Monday, May 26, 2025
A Talent for Killing
A Talent for Killing, published in 2019, is a bit disjointed because it's really two books in one, combined and edited by Lee Goldberg decades later from the original manuscripts. The first story, originally published as Deadman's Game in 1976, tells the origin of John Kane, how he became an assassin for the CIA, had his memory wiped out by a suicide bombing in Vietnam, then was given a new identity and placed under surveillance by the Agency to ensure that no inconvenient memories come back to him. Though he has no memory of his assassin past, Kane naturally gravitates toward the same line of work and soon becomes a freelance hitman. The main plot involves Kane taking a contract to whack the killer of a rich man's son, which requires him to infiltrate the local mob and gain their confidence, while avoiding getting taken out by a renegade faction of his own Agency that has decided he is too much of a liability.

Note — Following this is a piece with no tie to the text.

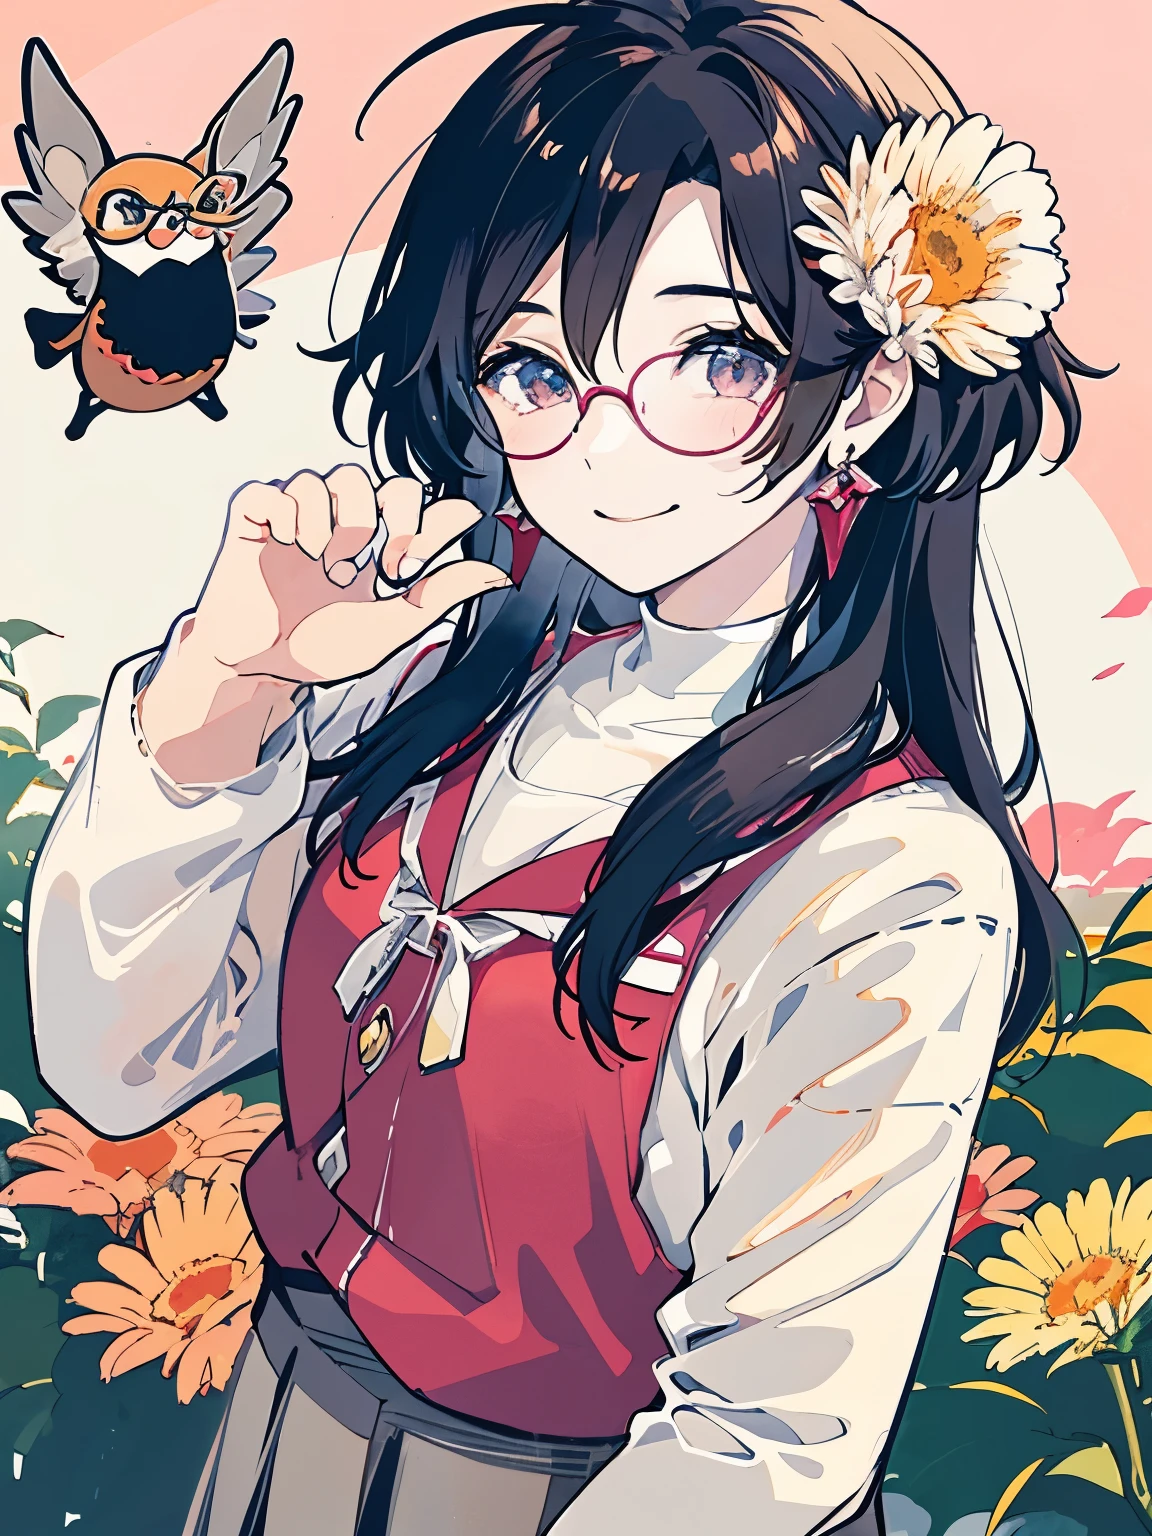 young girl、primary school student、10 year old girl、Wear glasses、orange and pink pastel colors、red earrings、A happy smile、flat chest、cute、cute女の子、watercolor painting、Illustration with light colors、Against the background of a bright forest、flower garden、

The second story was much better, as Kane has to do some detective work to find out who framed a dying man ten years ago for a hideous sexual murder of a child, track him down, infiltrate the military-industrial compound where he works and bring him to justice. This story was never published; it was supposed to have been the second book in a series but it was cancelled. Which is a shame, because Kane is a great character. He has the stoic, hardman personality of Parker, the efficient hitman skills of Quarry and the amnesia and Agency/'Nam backstory of Jason Bourne. I particularly liked how the Agency surveillance angle brought a 1970s paranoia and conspiracy vibe to the stories that you don't find in more conventional crime series like Parker and Quarry.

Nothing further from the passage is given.